Weierstrass Factorization
Given a countable sequence $A = \{a_i\}$, we want to find an entire function $f$ which vanishes on the $a_i$’s and nowhere else. One way to do this is to take $f = \prod_n f_n$, where $f_n(a_n) = 0$. But how can we also make it so that this product doesn’t vanish anywhere else?
The above Corollary above gives us a hint: if we can force $\sum |1 – f_n(z)|$ to converge, then so will $\prod f_n(z)$ to some non-zero number.

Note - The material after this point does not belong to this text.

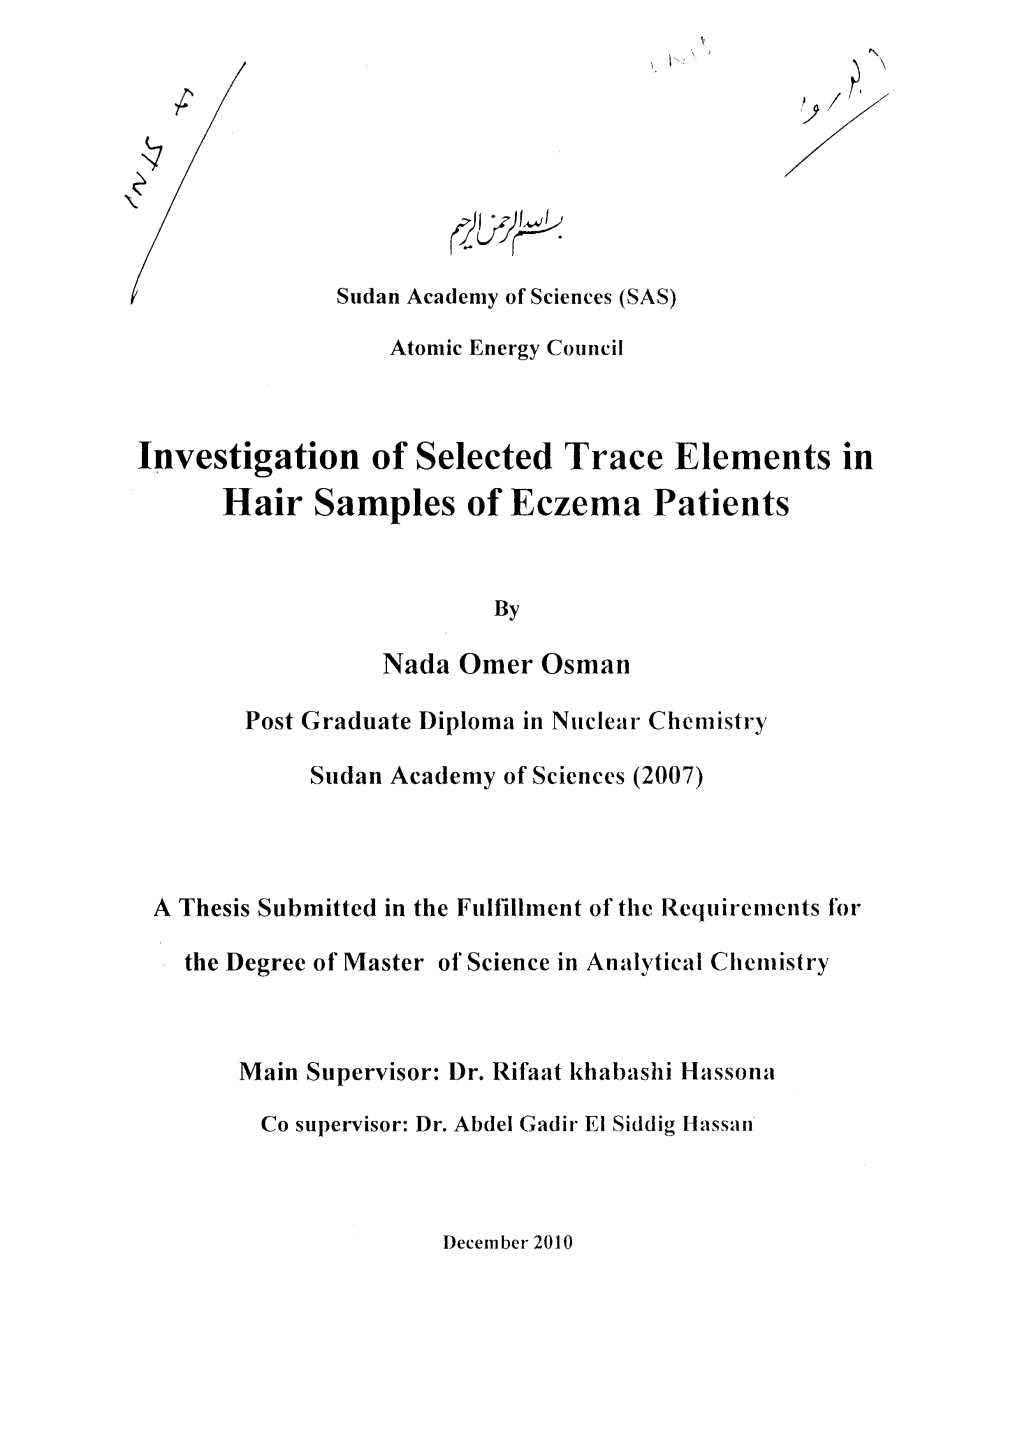 Investigation of Selected Trace Elements in Hair Samples of Eczema Patients

Note that via the expansion $\ln(1 – z) = -z + -z^2/2 – \ldots$, we have for $|z| < 1/2$
$$
\begin{eqnarray}
|1 – E_k(z)| &=& \left| 1 – \exp \left( \frac{z^{k+1}}{k+1} + \frac{z^{k+2}}{k+2} + \ldots \right) \right| \\
&=& \left| 1 – \exp (w) \right|.
\end{eqnarray}
$$
But $|z| < 1/2$ implies $|w| \leq 2|z|^{k+1} \leq 1$. Thus $|1 – e^w| \leq c|w|$ for some constant $c$, which in turn implies $|1 – E_k(z)| \leq 2c|z|^{k+1}$. Then $\sum_k |1 – E_k(z)| < \infty$ for all $|z| < 1/2$ so $\prod_k E_k(z)$ converges.
Define $F_n = E_k(z/a_n)$. Since $|a_n| \to \infty$, for any $z$, all but finitely many of the terms $z/a_n$ have magnitude less than $1/2$; if $z \notin A$, this means they are all nonzero. Hence the zeroes are precisely the $a_i$’s.